What we have done is create a two-tiered situation in Medicaid. What we have said is, "We are going to commit to give you care, but we are not going to give you quite the care of what everybody else in the country gets." We put a stamp on somebody's forehead and call them a Medicaid patient. All of a sudden their access is not the same because the reimbursement is not the same, the access to certain doctors is not the same, and the access to certain treatment is not the same. That is all because we have decided the bureaucrats are going to decide what you can have, when you can have it, and how much they are going to pay for it.
This plan gives states a budget and then allows the states to take their Medicaid money and take their disproportionate share hospital (DSH) money to create private insurance access for everybody that qualifies for Medicaid. If Medicaid patients choose to take advantage of a $2,000 tax rebate to buy a private insurance policy, their state can give them additional money to help buy the right policy for them.
Oklahoma has 600,000 people on Medicaid today. Add $2,000 to each one of those 600,000 people, and what does that do to Oklahoma's ability and motivation to buy a private insurance policy for everybody in the state of Oklahoma that is Medicaid-dependent?
Under the bill, we give states the flexibility, tools, and incentives they need to achieve universal access to health care. States have the benefit of flexibility and a defined Medicaid budget that rises annually based on the CPI. Individuals have a $2,000 tax rebate for the purchase of private health insurance.

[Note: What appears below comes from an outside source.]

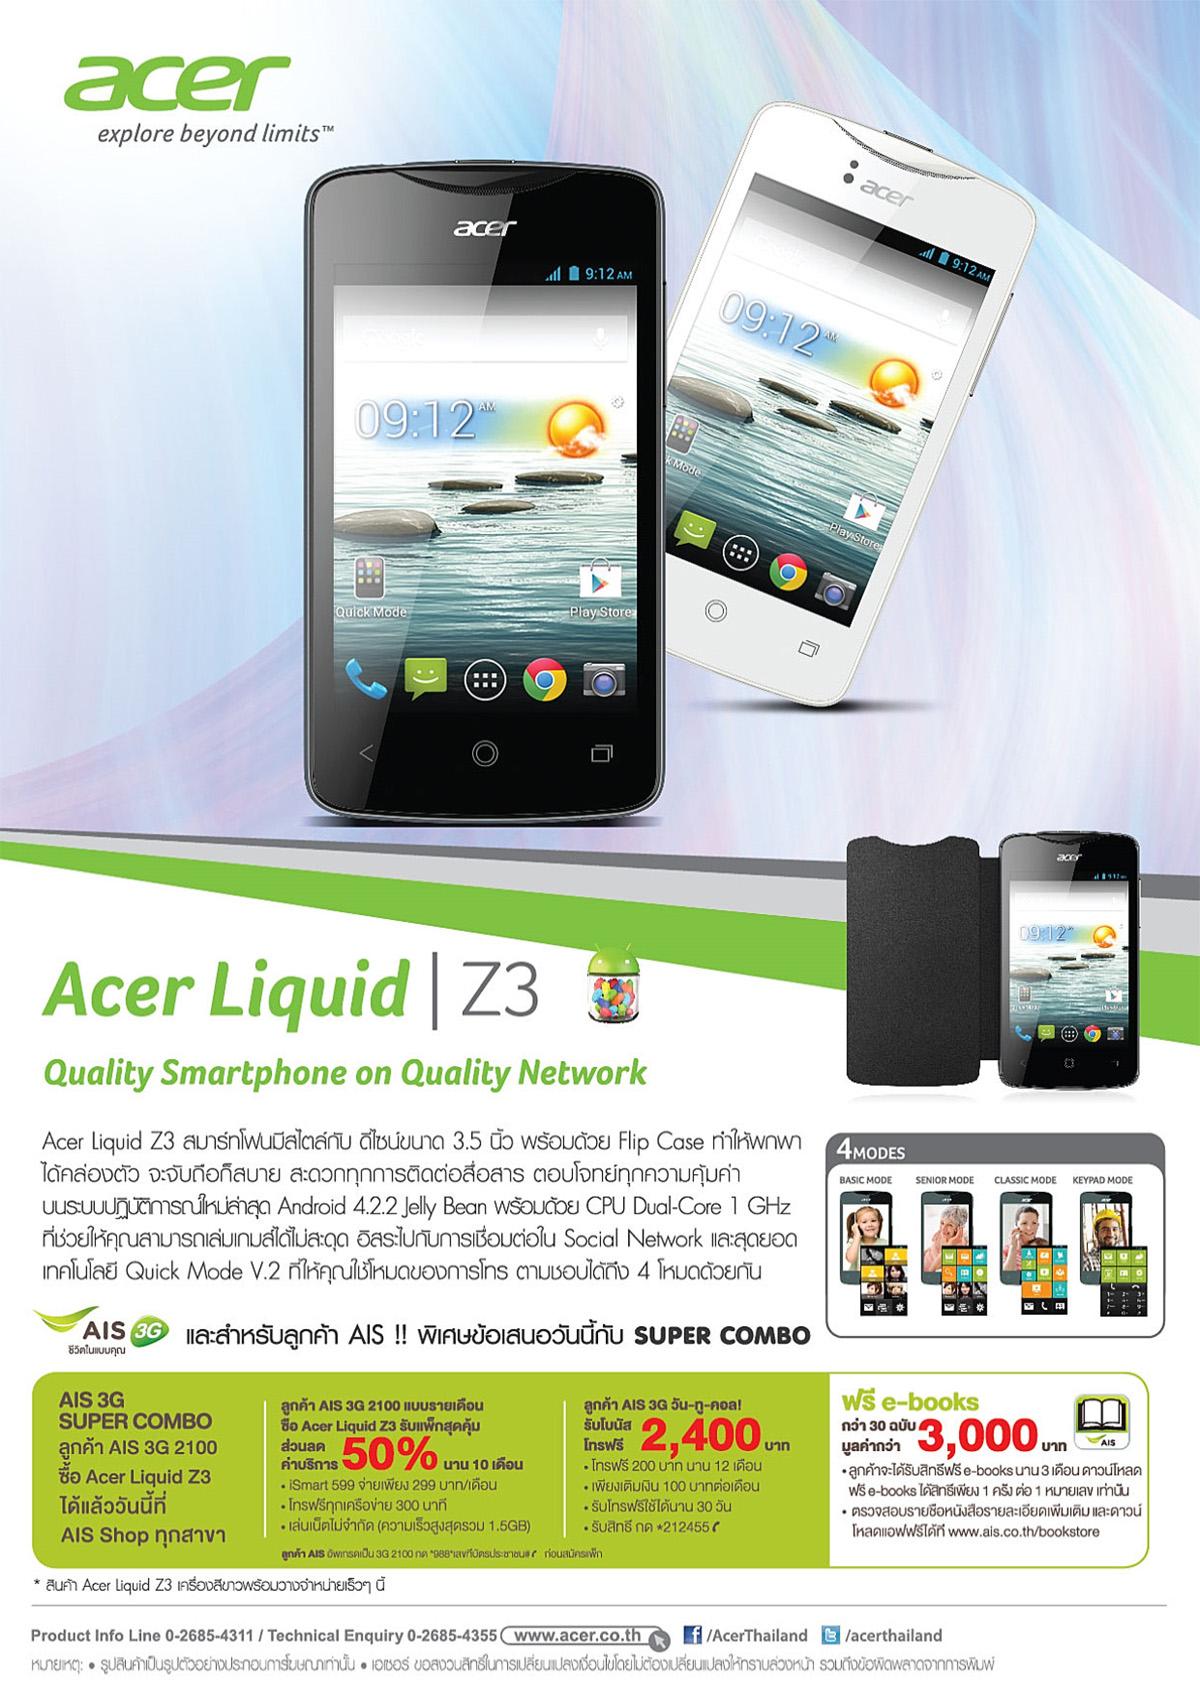 Acer 08 2013 11

We then have a pool of bonuses for states that achieve universal health coverage; if a state gets to 95 percent coverage, it gets a monetary bonus. Everything we try to do in this bill is to incentivize the states to create a vibrant private insurance market and universal access for their citizens.
We also know that medical liability insurance now accounts for 10 percent of the costs of health care in the private sector. Administration and processing account for 6 percent; support and marketing, 5 percent; insurance industry profit, 3 percent; equipment, 5 percent; hospitals, 35 percent; doctors, 21 percent; prescription drugs, 15 percent.
If you could take that one-third of health care spending that is not spent directly on health care and squeeze it through the efficiency of competition, what would happen? We would not have to have more dollars in health care. What we would have is more dollars going toward true care rather than overhead. One out of every three claims that are filed in the private sector are claims against a deductible that has not been met. Why would we file a claim for a deductible that has not been met?
Independent Health Record Banks
The next thing we do is to create a charter for independent health record banks. What you will have in five or six years is a card, and on the card you will have your health insurance information, plus your deductible, plus your health savings account--or whatever account you may have if you do not have an HSA--plus your health or medical record. Wherever you go for health services, you provide your card. There is then an automatic update to your health record for whatever happens at that visit. Whenever you go the next time, your doctor or your caregiver does not have to flip through an old paper chart to find what happened at the last visit at the last doctor that you went to.
The vast majority of mistakes have come because, number one, we do not have the right medical history information and, number two, providers do not take the time to get it because it is so difficult to get. Payments for services are delayed because a claim for one service is never filed until it is time for all the claims in a medical practice to be filed.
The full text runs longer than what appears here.